Jo Rees dines among the blooms at The Alexandra Hotel and discovers good cooking and seaside elegance
Hidden away at the heart of The Alexandra Hotel, Ammonite is no fossilised hotel dining experience. Rather, calibrate your expectations for a vibrant sunset supper in the orangery, surrounded by luscious gardens with light pouring in from expansive coastal skies.
The airy conservatory was completely renovated fairly recently, bringing Ammonite up to the elegant standards of the polished seaside hotel’s other (more formal) restaurant.
In the process of rebuilding the orangery, the team discovered an ancient well in the centre of the floor, which they’ve glazed over so guests can gingerly “hover” over the subterranean depths as they head to their table.

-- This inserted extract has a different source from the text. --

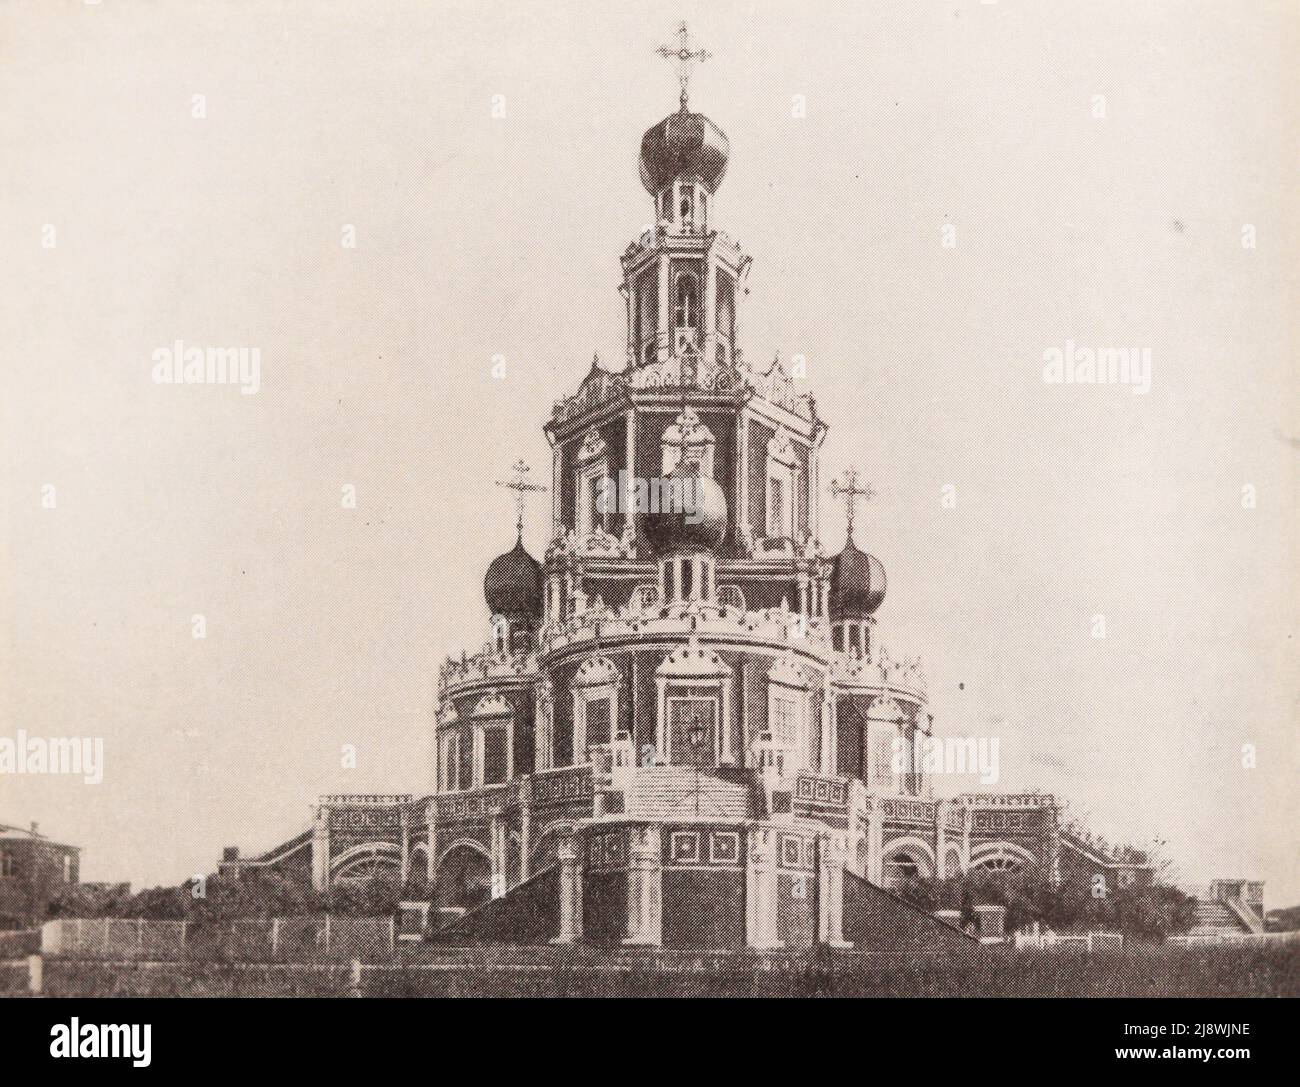 La Iglesia de la intercesión en el pueblo de Filia cerca de Moscú. Foto de finales del siglo 19th. Foto de stock

VISIT for a refined supper, crafted from locally sourced produce and executed with skill and confidence by head chef Callum O’Doherty.

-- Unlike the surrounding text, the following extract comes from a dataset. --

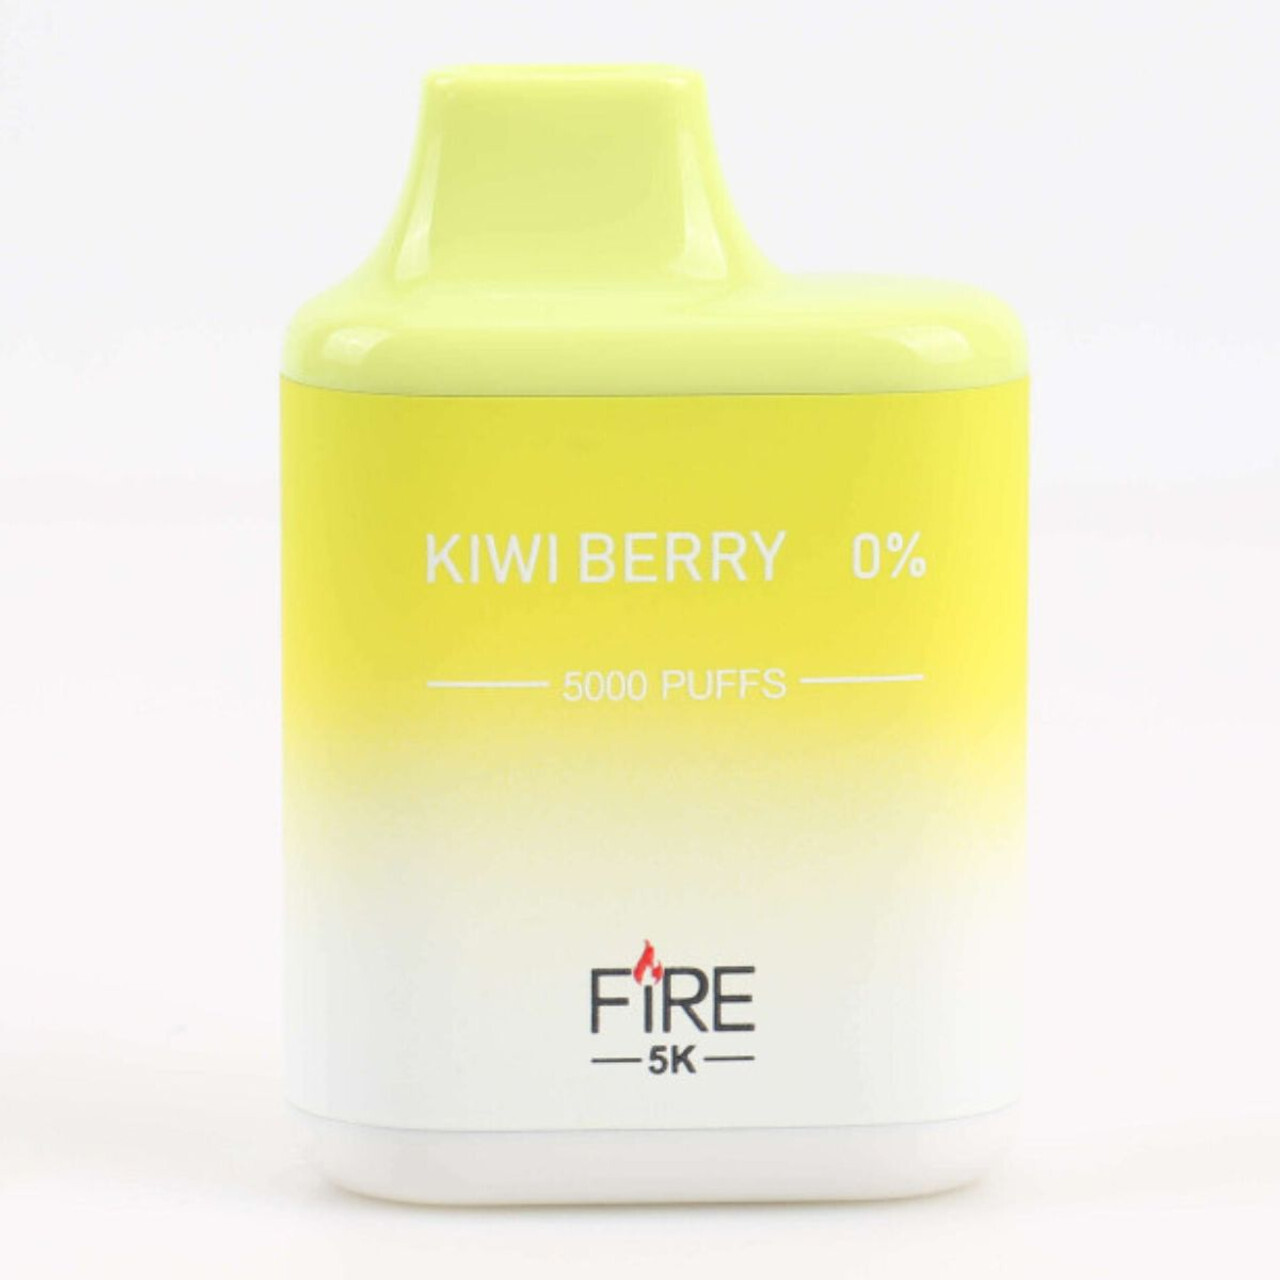 Fire 5k Kiwi Berry 0%

Don’t miss the opportunity to make a sojourn to Ammonite during the late spring and summer months, when it’s light enough to dine while basking in 180° views of the blooming garden and peachy evening skies.
Follow your feasting with a mosey outside and take a postprandial drink on one of the seats with a bird’s eye perspective on the Cobb below.
DON’T VISIT with kids: this is a grownup dining experience. The environment is so tranquil and the wine list so good, you’ll want to linger and explore different vintages by the glass, instead of being hurried along by youngsters looking to head to the next amusement.
WE LIKED the thoughtfully put together and restrained menu, which features enough choice to meet most requirements, while inspiring confidence that the produce is super fresh and everything cooked from scratch.
In a seaside setting it’s fitting to indulge in locally-landed seafood – and the golden panfried scallops and luscious John Dory with pickled red cabbage risotto delivers in spades.